The problem is not that the associates are unskilled. In fact, they’re among the best educated and hardest working professionals in the economy. The problem is that they tend to operate in a professional environment that has simply ignored all of the investment in technology, tool creation, and efficient workflow that have made the rest of the economy more productive.
Partners with little management training deploy expensive associates in a haphazard manner against ill-defined tasks within an incentive structure that motivates waste and anti-client behaviour. Giving those associates another raise is definitely not the solution.
The solution is, finally, to fix the game, rather than waiting for the players to behave differently. It doesn’t matter if law firm attorneys are paid more, or overseen more carefully by clients, or badgered by the press. To solve this problem, the focus has to be on how legal work gets done, not simply on who is doing it, no matter their ethics.

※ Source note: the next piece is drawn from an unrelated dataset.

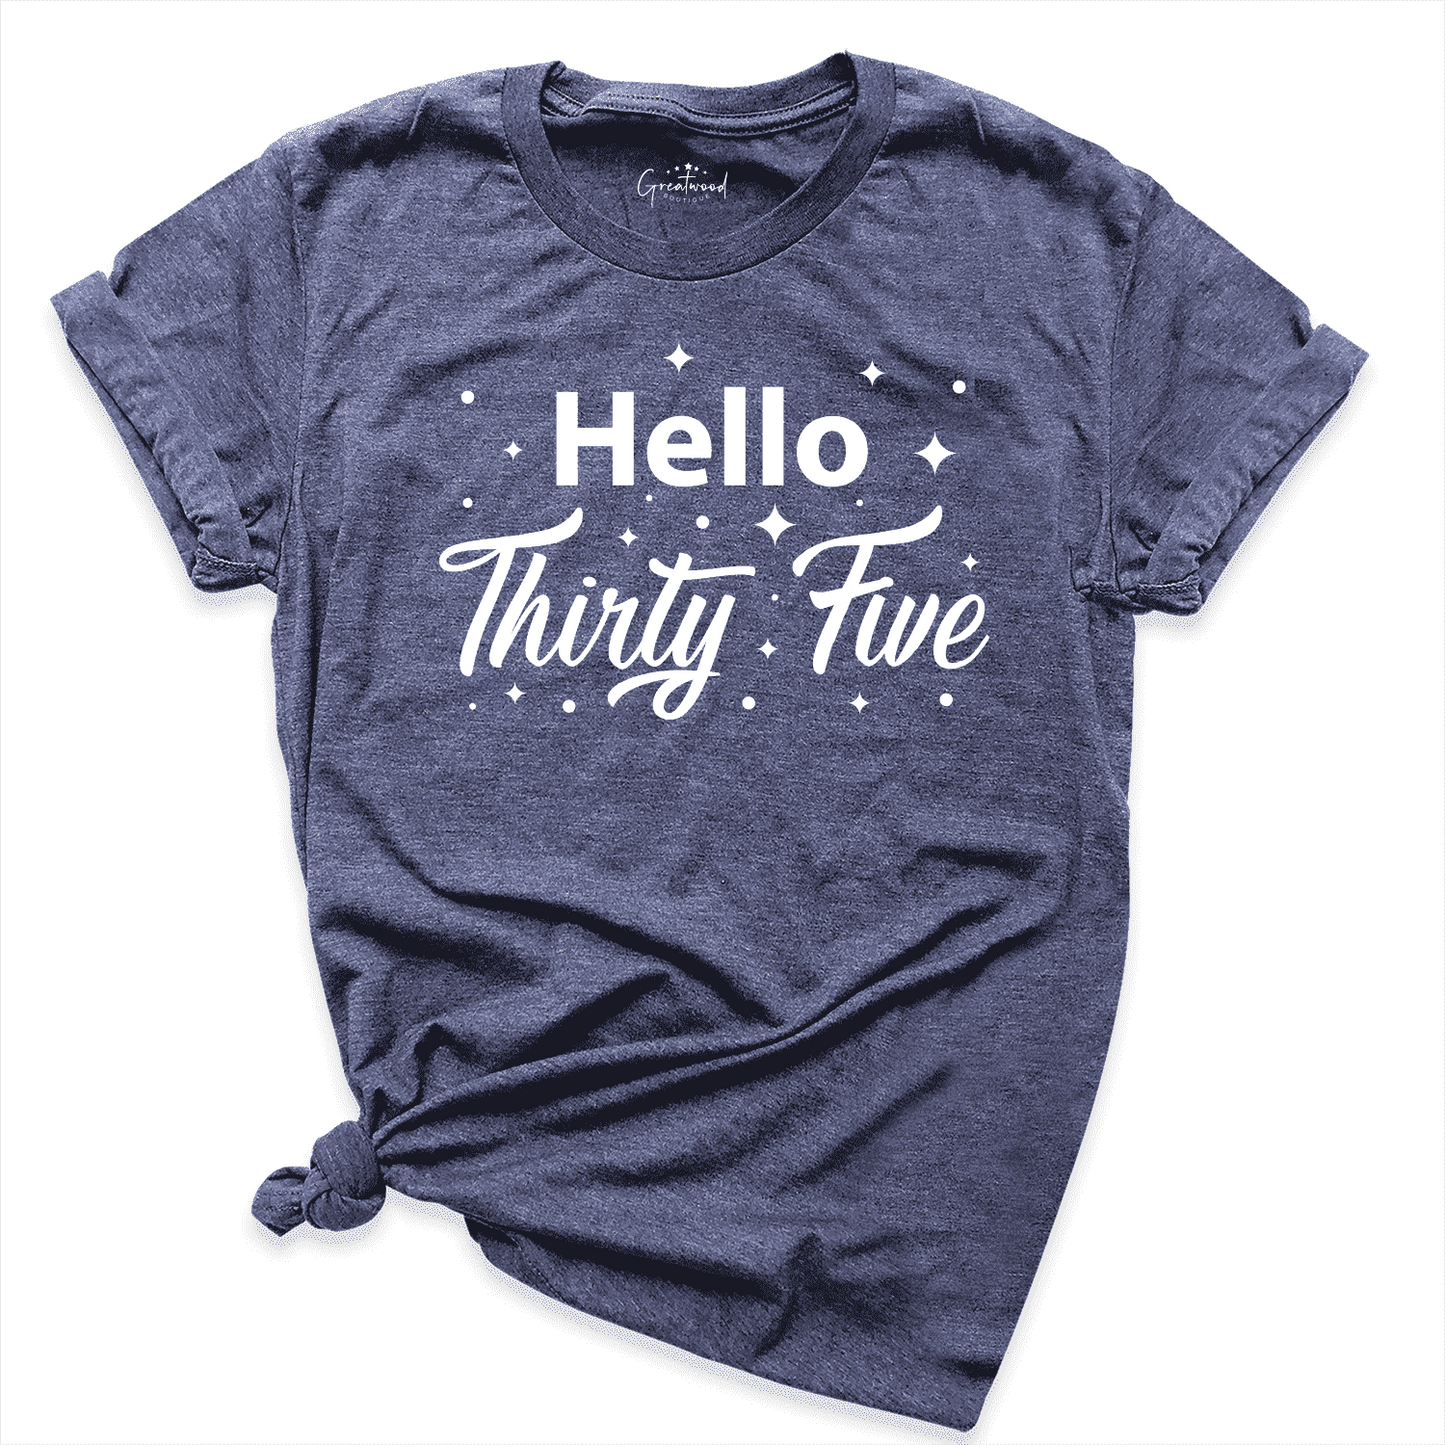 Hello 35th Birthday Shirt Navy - Greatwood Boutique

The legal industry must rid itself of its vestigial attachment to hourly billing and pyramid incentives, and its aversion to technology investment. Law firms, which benefit from deep client relationships and access to great talent, should be completely rethinking their business models to mimic the best-of-breed companies that have evolved in almost every other professional services industry. This will require financial sacrifice on the part of many law firm leaders, so why would they do it? Simple. Because the alternative is worse.
General Counsels, at least the enlightened ones, are fed up. Mark Chandler, the general counsel of Cisco, has called law firms “the last vestige of the medieval guild system to survive in the 21st century.” Clorox’s general counsel, Laura Stein, said “the law firm’s leverage-attrition model isn’t working, and corporate clients, and therefore shareholders, are paying for it.”
The calls for change from general counsels must be answered if for no other reason than they, and they alone, control the hundreds of billions of dollars spent on corporate legal services annually. And because, for the very first time, that’s a muscle they are willing to flex.
Indeed, if we’re going to see real change, then clients must allocate their business accordingly, as many are starting to do. How does that saying go? Fool me for 100 years, shame on you. But fool me for another 100 years . . .
This article is by Mark Harris, the chief executive of Axiom, a 1,000-person new-model legal services firm.